A captive finance subsidiary's purpose is to finance sales of the parent company's products and services.
b.
An operating agreement between the parent and the captive specifies the type of receivables that qualify for same and specific services provided by the parent.
c.
A captive can be used to finance distributor or dealer inventories until a sale occurs.
d.
A captive is rarely used to finance products leased to others.


                                          
          


   20.   ____ provide loans to firms that cannot obtain financing from commercial banks.
a.
Consumer finance companies
b.
Sales finance companies
c.
Commercial finance companies
d.
None of the above


                                          
          
          

   21.   Which of the following is not a use of finance company funds?
a.
consumer loans
b.
business loans
c.
commercial paper
d.
real estate loans
e.
All of the above are uses of finance company funds.

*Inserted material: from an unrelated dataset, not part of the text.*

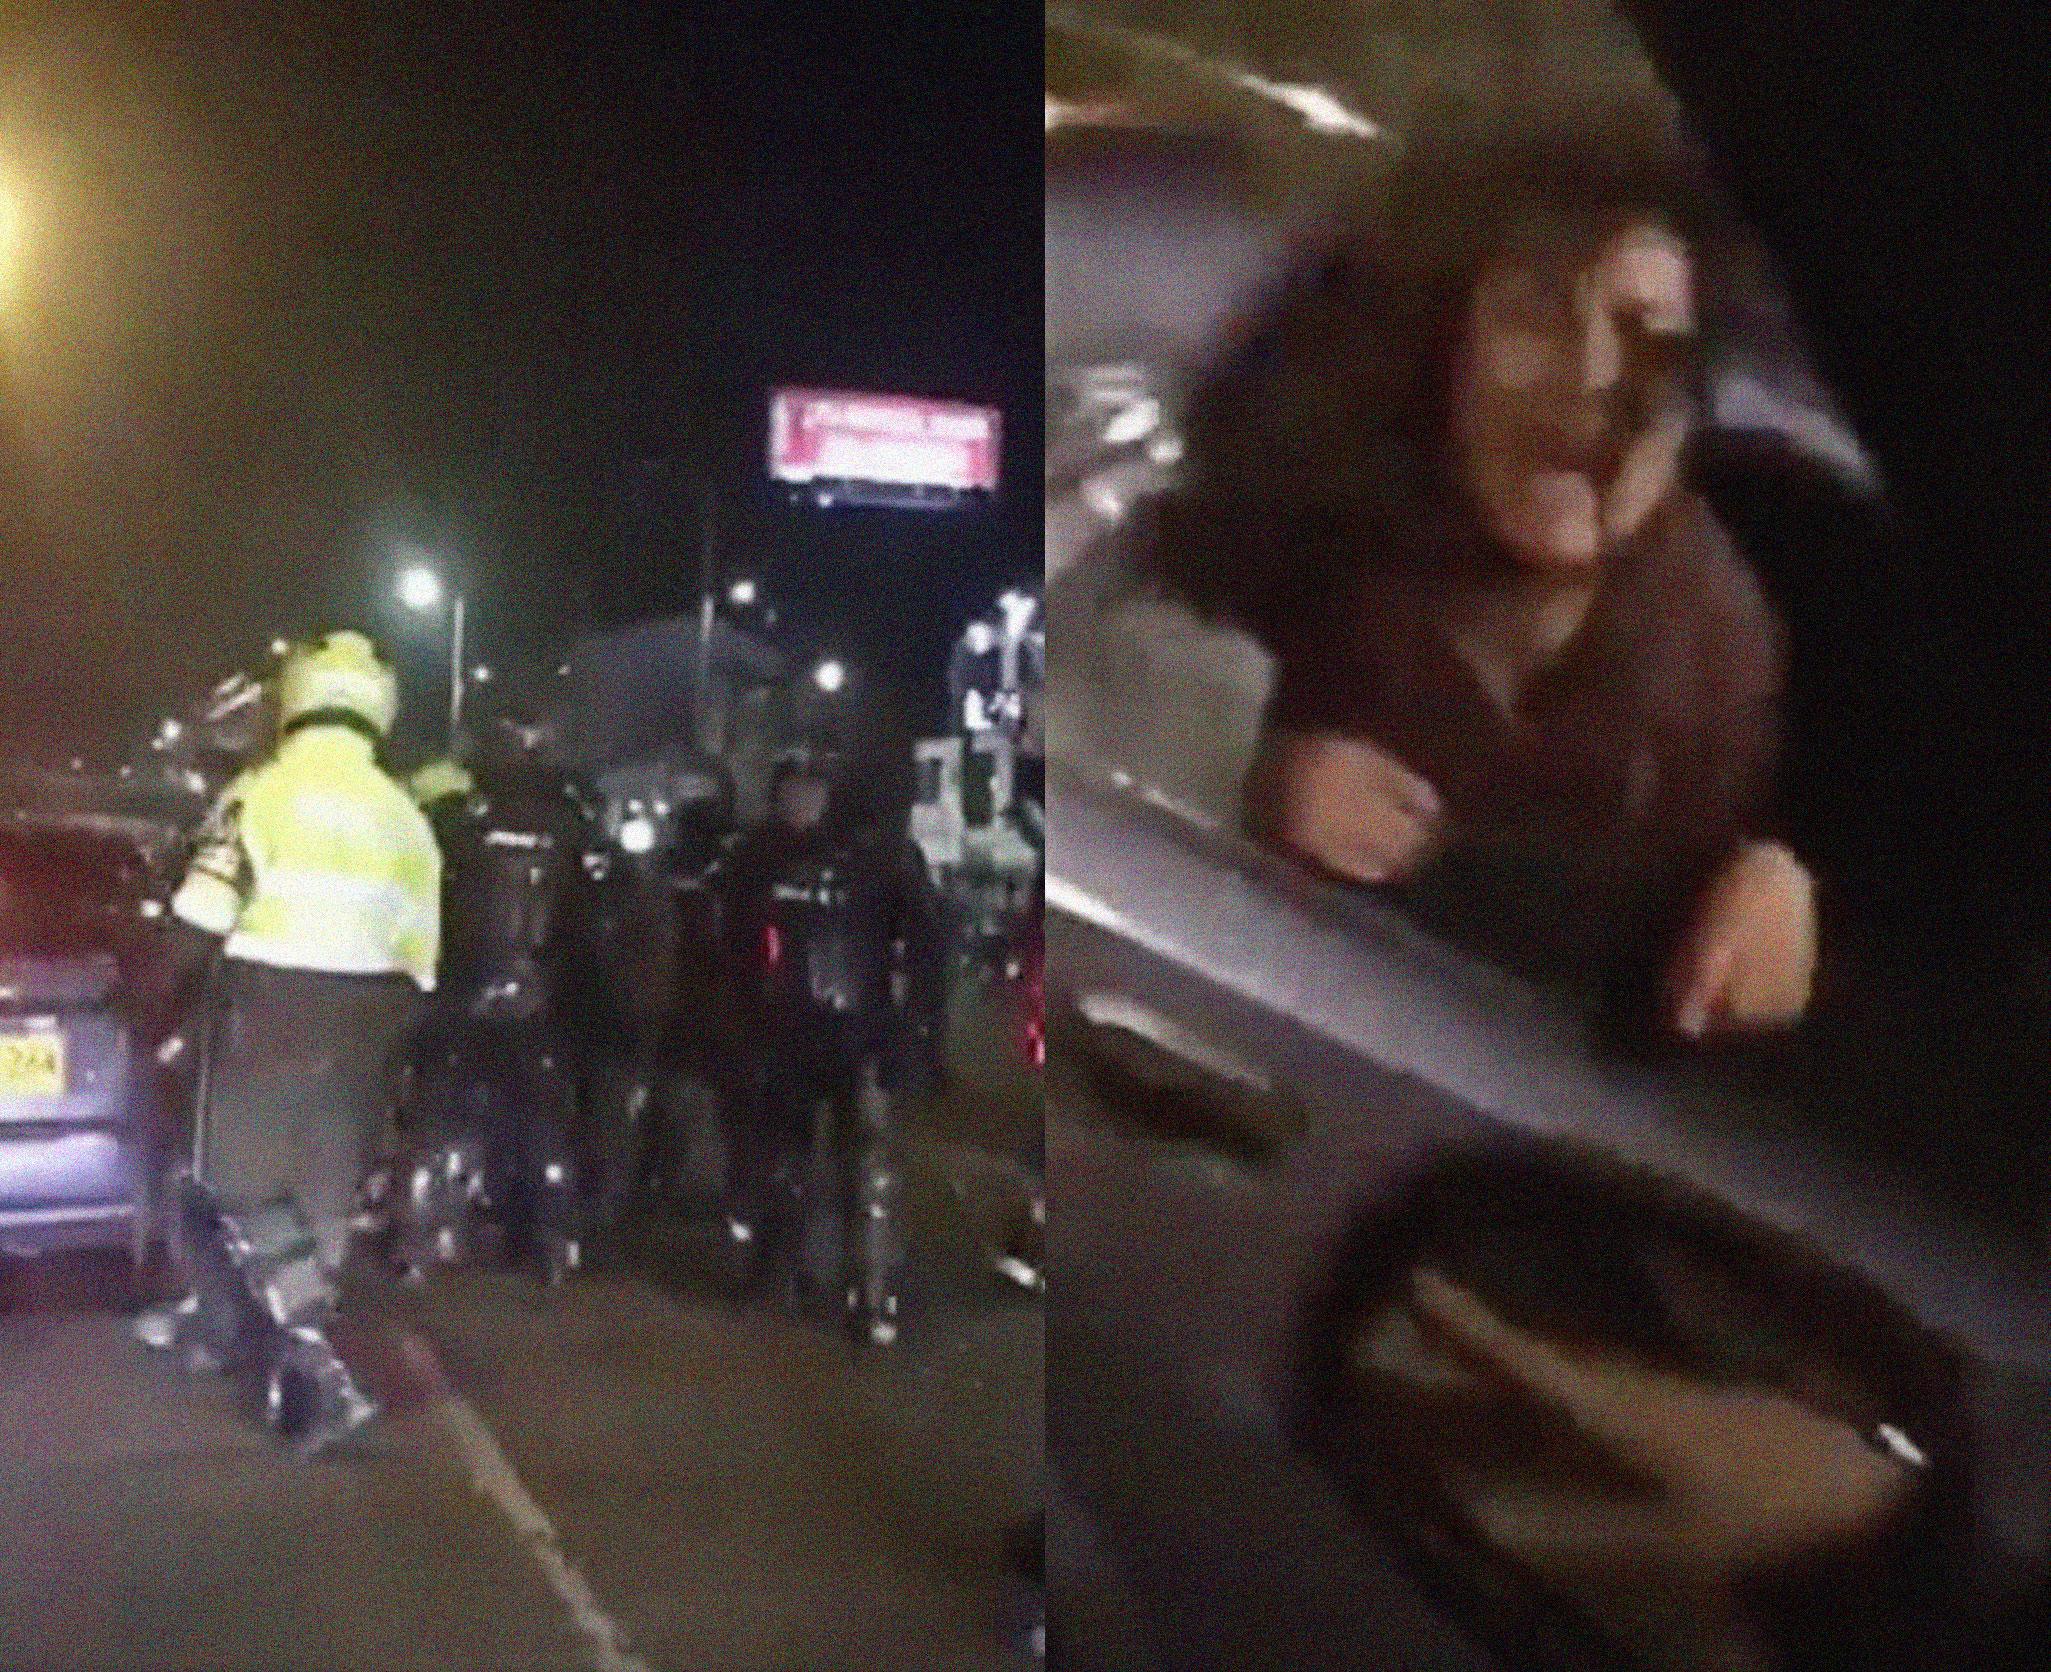 Colombia: Policía antidisturbios obliga a una mujer a entrar en un auto sin identificación y desata indignación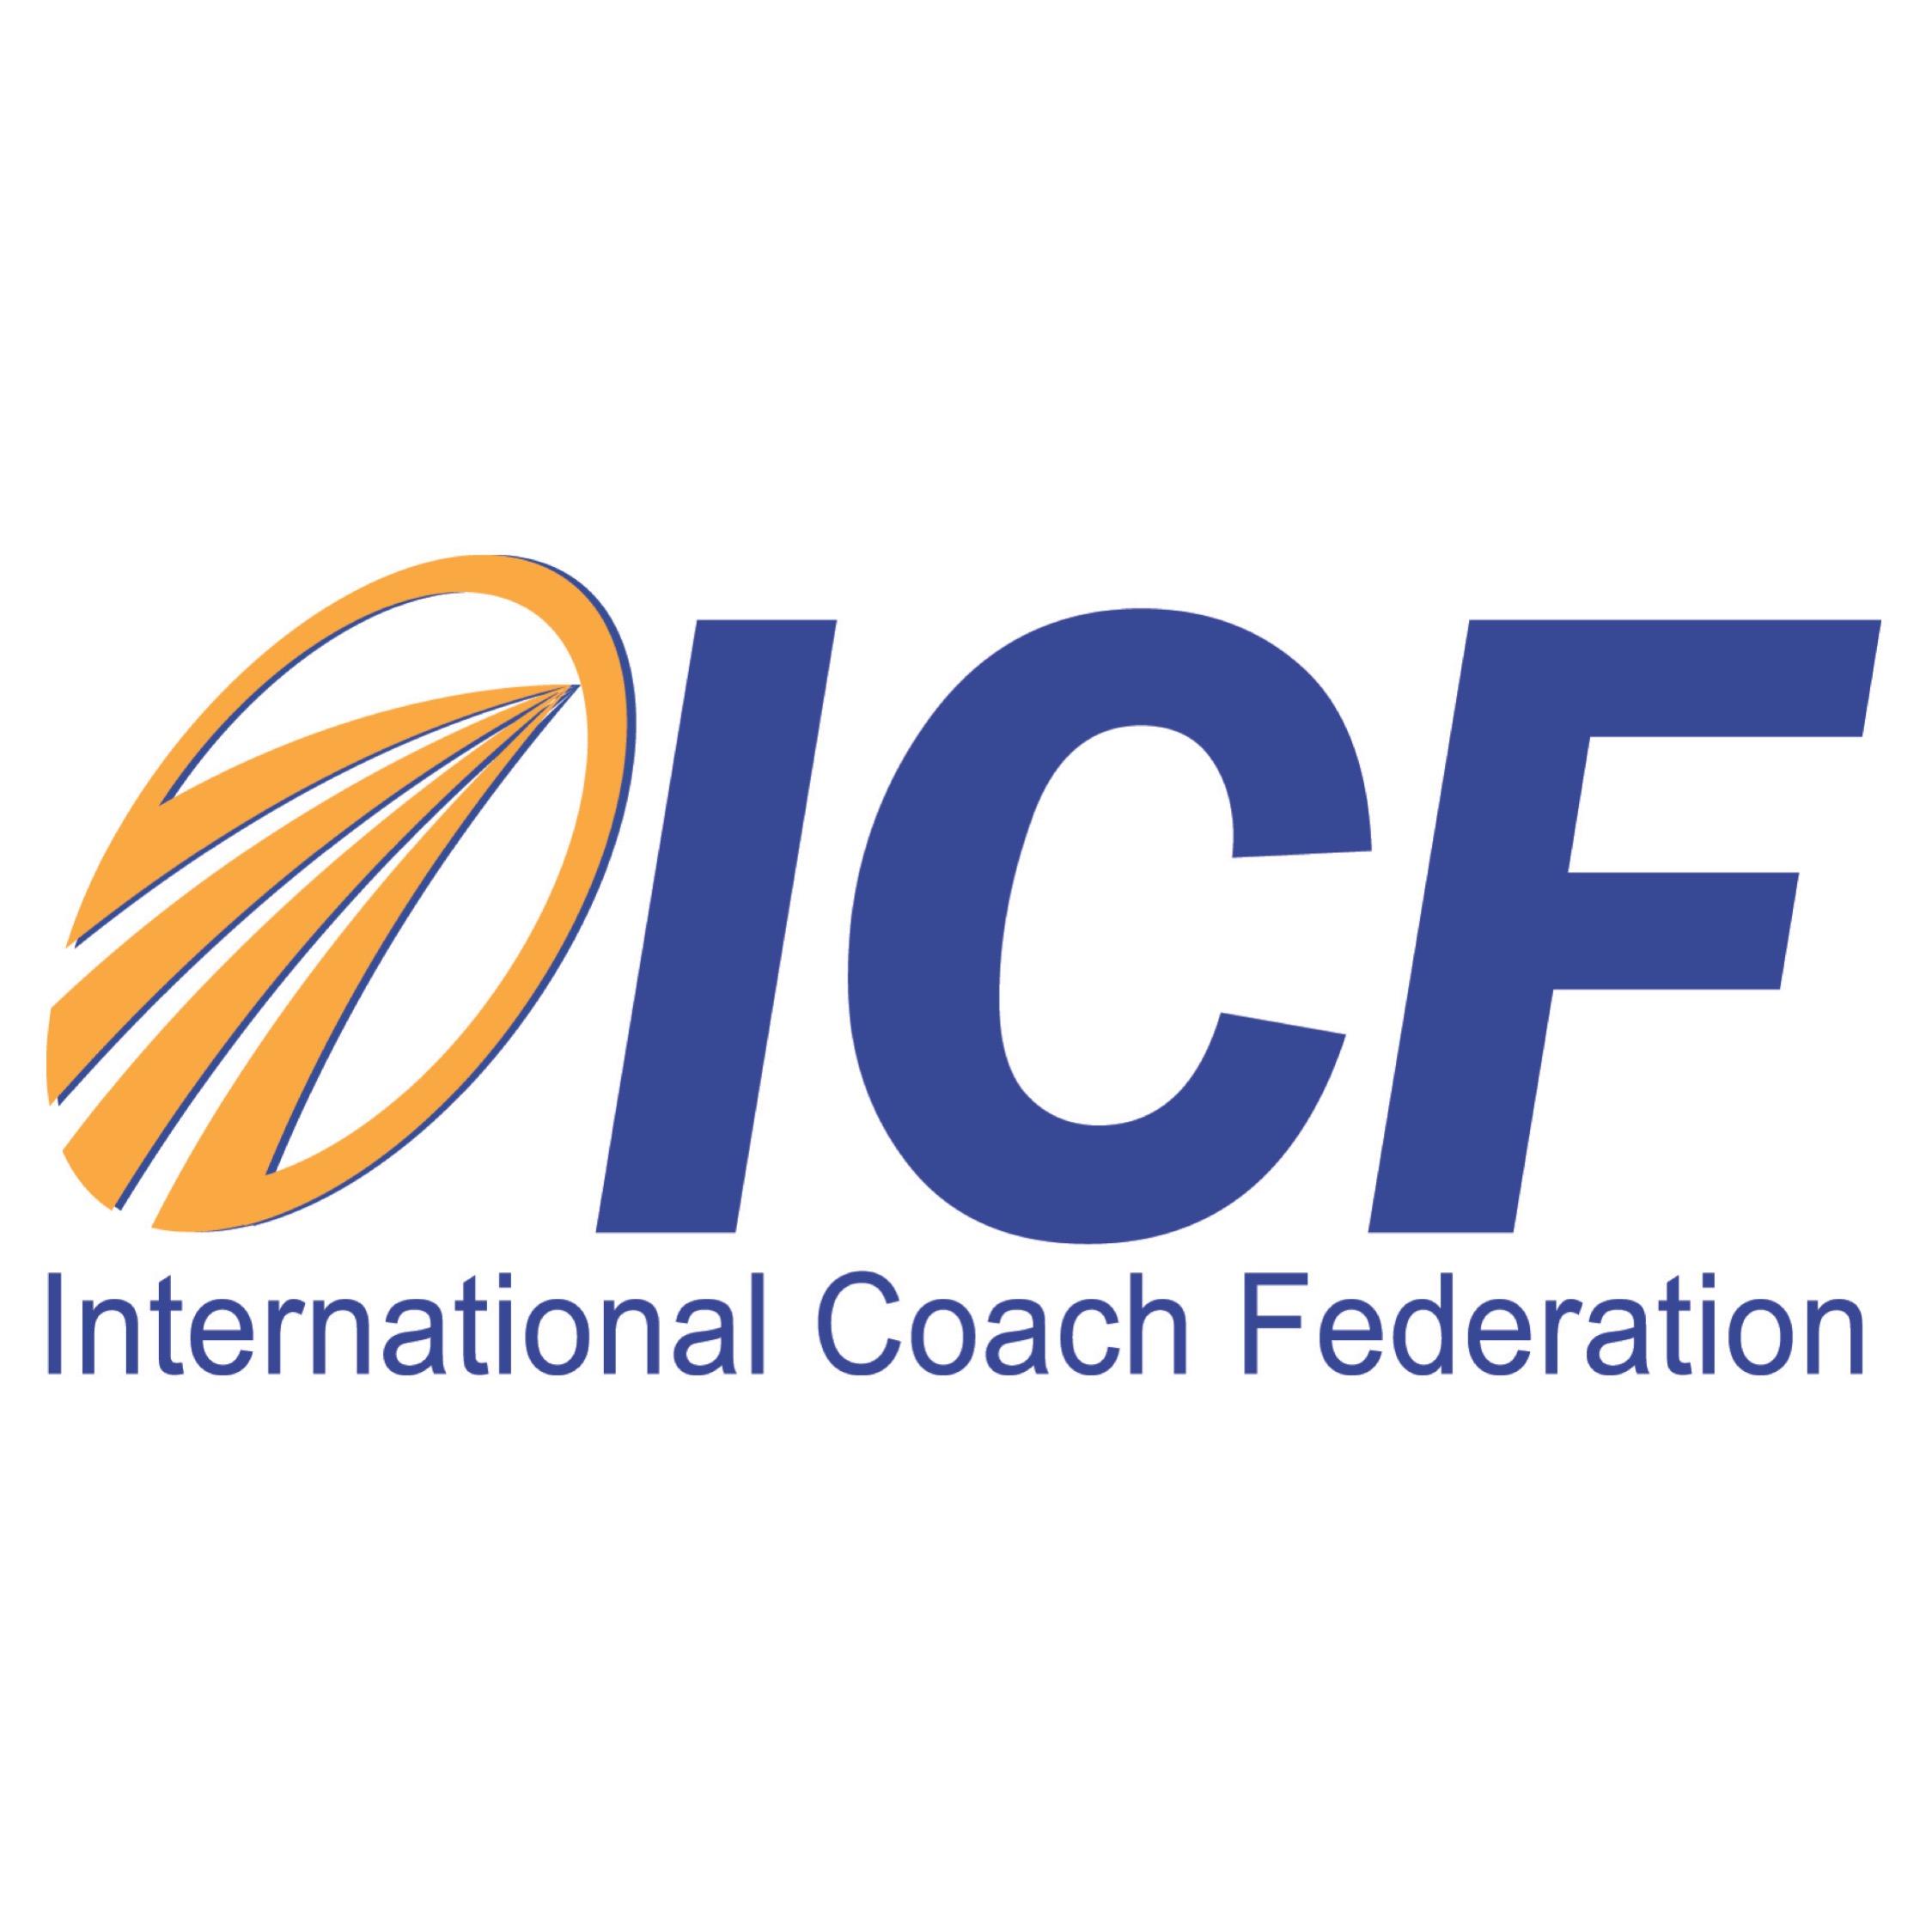 Coach Federation

                                          
          
          

   22.   Finance companies commonly act as ____ for accounts receivable; that is, they purchase a firm's receivables at a discount and are responsible for processing and collecting the balances of these accounts.
a.
brokers
b.
dealers
c.
market makers
d.
factors
e.
none of the above


                                          
          


   23.   Most finance companies are commonly exposed to all forms of risk below except ____ risk.
a.
exchange rate
b.
interest rate
c.
liquidity
d.
credit


                                          
          
          

   24.   Changes in economic growth are ____ related to a finance company's cash flows, and changes in the risk-free rate are ____ related to a finance company's cash flows.
a.
positively; negatively
b.
negatively; positively
c.
negatively; negatively
d.
positively; positively


                                          
          


   25.   Finance companies participate in the ____ market to reduce interest rate risk.
a.
money
b.
bond
c.
options
d.
swap


                                          
          
          

   26.   Many consumer finance companies also provide personal loans, directly to individuals to finance purchases of large household items.
a. True
b. False

                                          
          


   27.   Business finance companies focus on loans to very large businesses.
a. True
b. False

                                          
          
          

   28.   Consumer finance companies sometimes provide Business finance companies to individuals.